Caroline A. Nebhan MD, PhD and her colleagues published their research in Nature Reviews Clinical Oncology on the implications of long-term toxicity in immune checkpoint inhibitors. Their work found the development of immune-checkpoint inhibitors (ICIs) has heralded a new era in cancer treatment, enabling the possibility of long-term survival in patients with metastatic disease, and providing new therapeutic indications in earlier-stage settings. As such, characterizing the long-term implications of receiving ICIs has grown in importance. An abundance of evidence exists describing the acute clinical toxicities of these agents, although chronic effects have not been as well catalogued. Nonetheless, emerging evidence indicates that persistent toxicities might be more common than initially suggested. While generally low-grade, these chronic sequelae can affect the endocrine, rheumatological, pulmonary, neurological and other organ systems. Fatal toxicities also comprise a diverse set of clinical manifestations and can occur in 0.4–1.2% of patients. This risk is a particularly relevant consideration in light of the possibility of long-term survival. Finally, the effects of immune-checkpoint blockade on a diverse range of immune processes, including atherosclerosis, heart failure, neuroinflammation, obesity and hypertension, have not been characterized but remain an important area of research with potential relevance to cancer survivors. In this Review, we describe the current evidence for chronic immune toxicities and the long-term implications of these effects for patients receiving ICIs. Read more here

 

Kennady Bullock, BS (Richmond Lab)
Kennady’s first author paper was published in Cancers in December of 2021. This review explores the immune suppressive role of myeloid-derived suppressor cells (MDSCs).
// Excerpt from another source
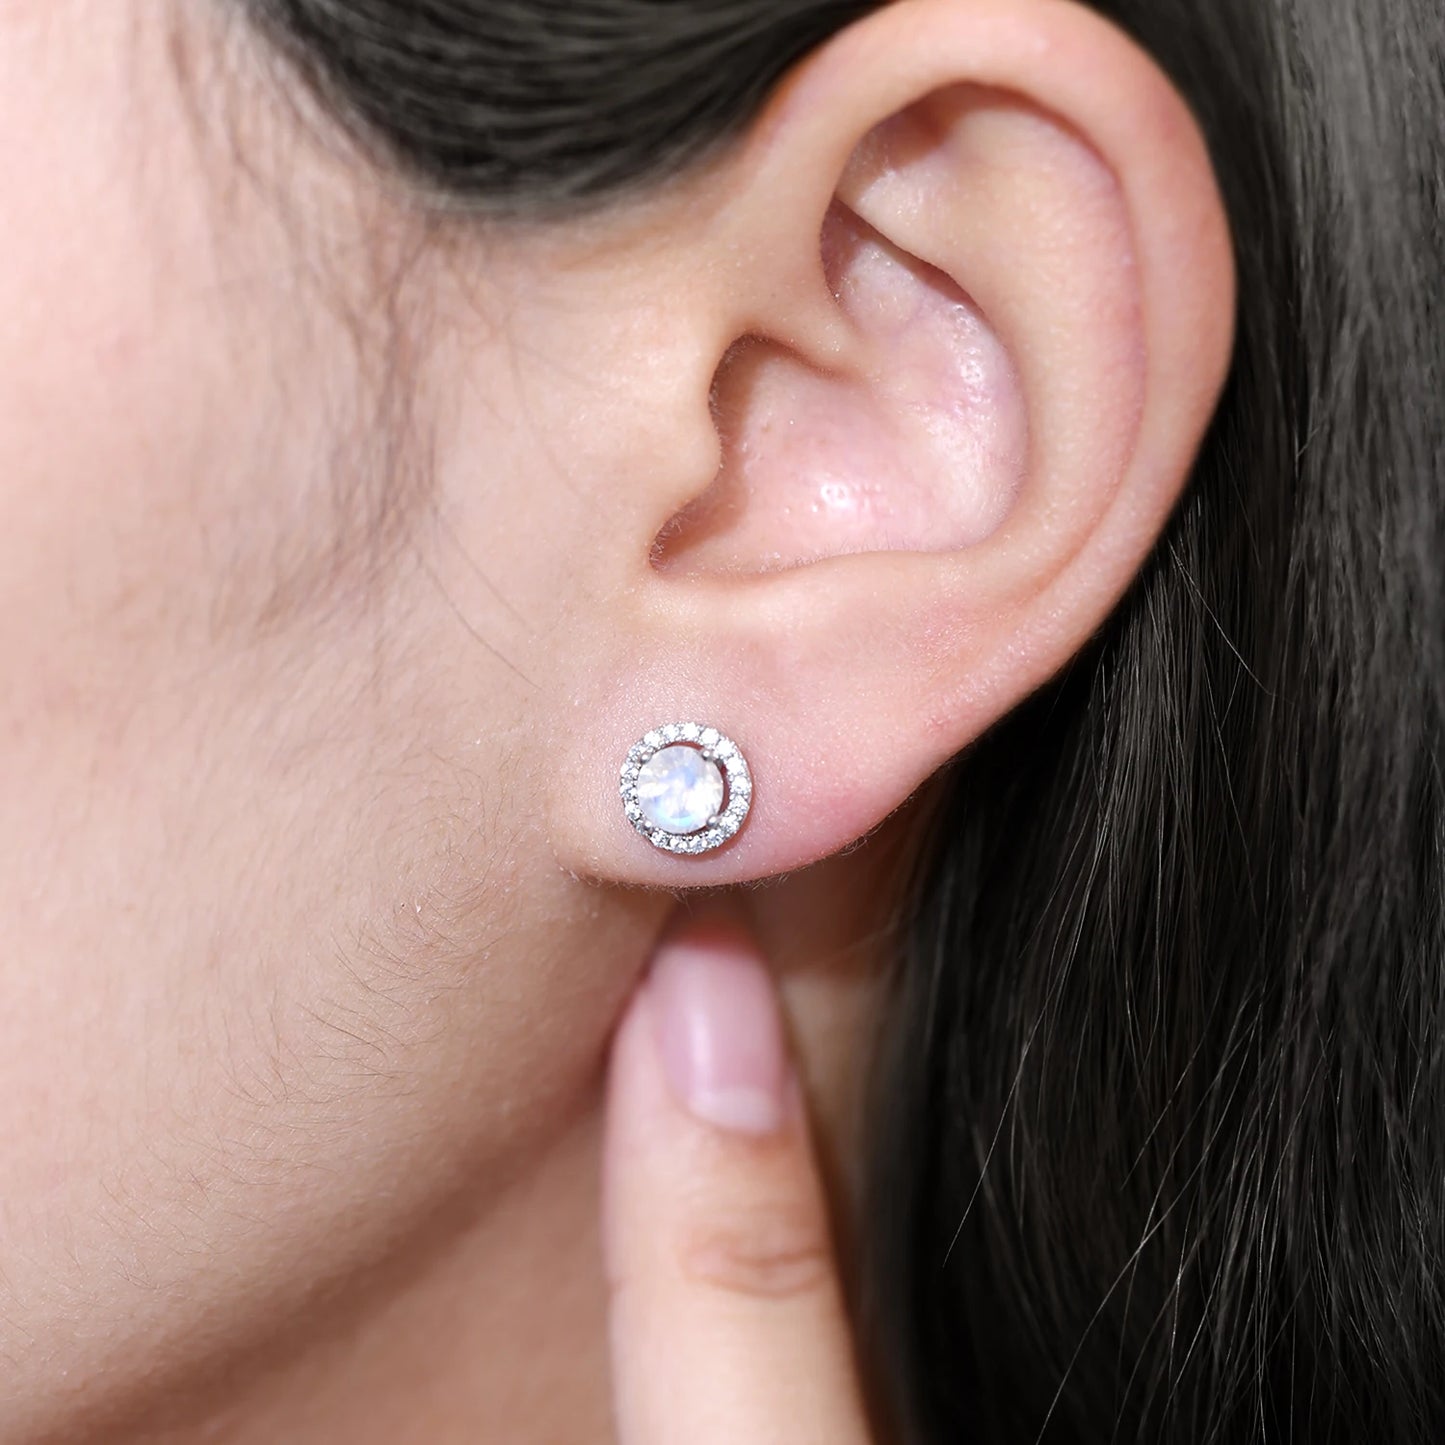 GEM'S BALLET Minimalist Earrings 5mm Milky Blue Moonstone Studs Earrings in 925 Sterling Silver June Birthstone Gift For Her

MDSC’s are a heterogeneous population of cells derived from immature myeloid cells. Influx of these cells into the tumor microenvironment or pre-metastatic niche is often associated with poor response to cancer therapy, including immunotherapy, in various tumor types. The C-X-C chemokine receptor 2 (CXCR2) signaling axis plays a key role in the migration of immunosuppressive MDSCs into the tumor microenvironment (TME) and the pre-metastatic niche. MDSCs impede the efficacy of immunotherapy through a variety of mechanisms. Efforts to target MDSCs by blocking CXCR2 is an active area of research for improving existing and novel immunotherapy strategies. As immunotherapies gain approval for a wider array of clinical indications, it will become even more important to understand the efficacy of inhibition of CXCR2 in combating immunotherapy resistance at different stages of tumor progression. Please enjoy the complete article here.

 

Kensey Bergdorf Smith, PhD published her first author paper in the April 2022 edition of  Cancers (Base). Her research studies the Anaplastic thyroid carcinoma (ATC) is the most aggressive endocrine neoplasm, with a median survival of just four to six months post-diagnosis. Even with surgical and chemotherapeutic interventions, the five-year survival rate is less than 5%. Although combination dabrafenib/trametinib therapy was recently approved for treatment of the ~25% of ATCs harboring BRAFV600E mutations, there are no approved, effective treatments for BRAF-wildtype disease. Herein, we perform a screen of 1525 drugs and evaluate therapeutic candidates using monolayer cell lines and four corresponding spheroid models of anaplastic thyroid carcinoma. We utilize three-dimensional culture methods, as they have been shown to more accurately recapitulate tumor responses in vivo. These three-dimensional cultures include four distinct ATC spheroid lines representing unique morphology and mutational drivers to provide drug prioritization that will be more readily translatable to the clinic. Using this screen, we identify three exceptionally potent compounds (bortezomib, cabazitaxel, and YM155) that have established safety profiles and could potentially be moved into clinical trial for the treatment of anaplastic thyroid carcinoma, a disease with few treatment options.

 

“Proximity of immune and tumor cells underlies response to BRAF/MEK-targeted therapies in metastatic melanoma patients” Feb. 24, 2022. by Sarah E. Glass

Although targeted therapies have been developed for melanoma patients, tumor progression eventually results. Understanding characteristics of melanoma associated with treatment resistance is important for prolonging therapy effectiveness.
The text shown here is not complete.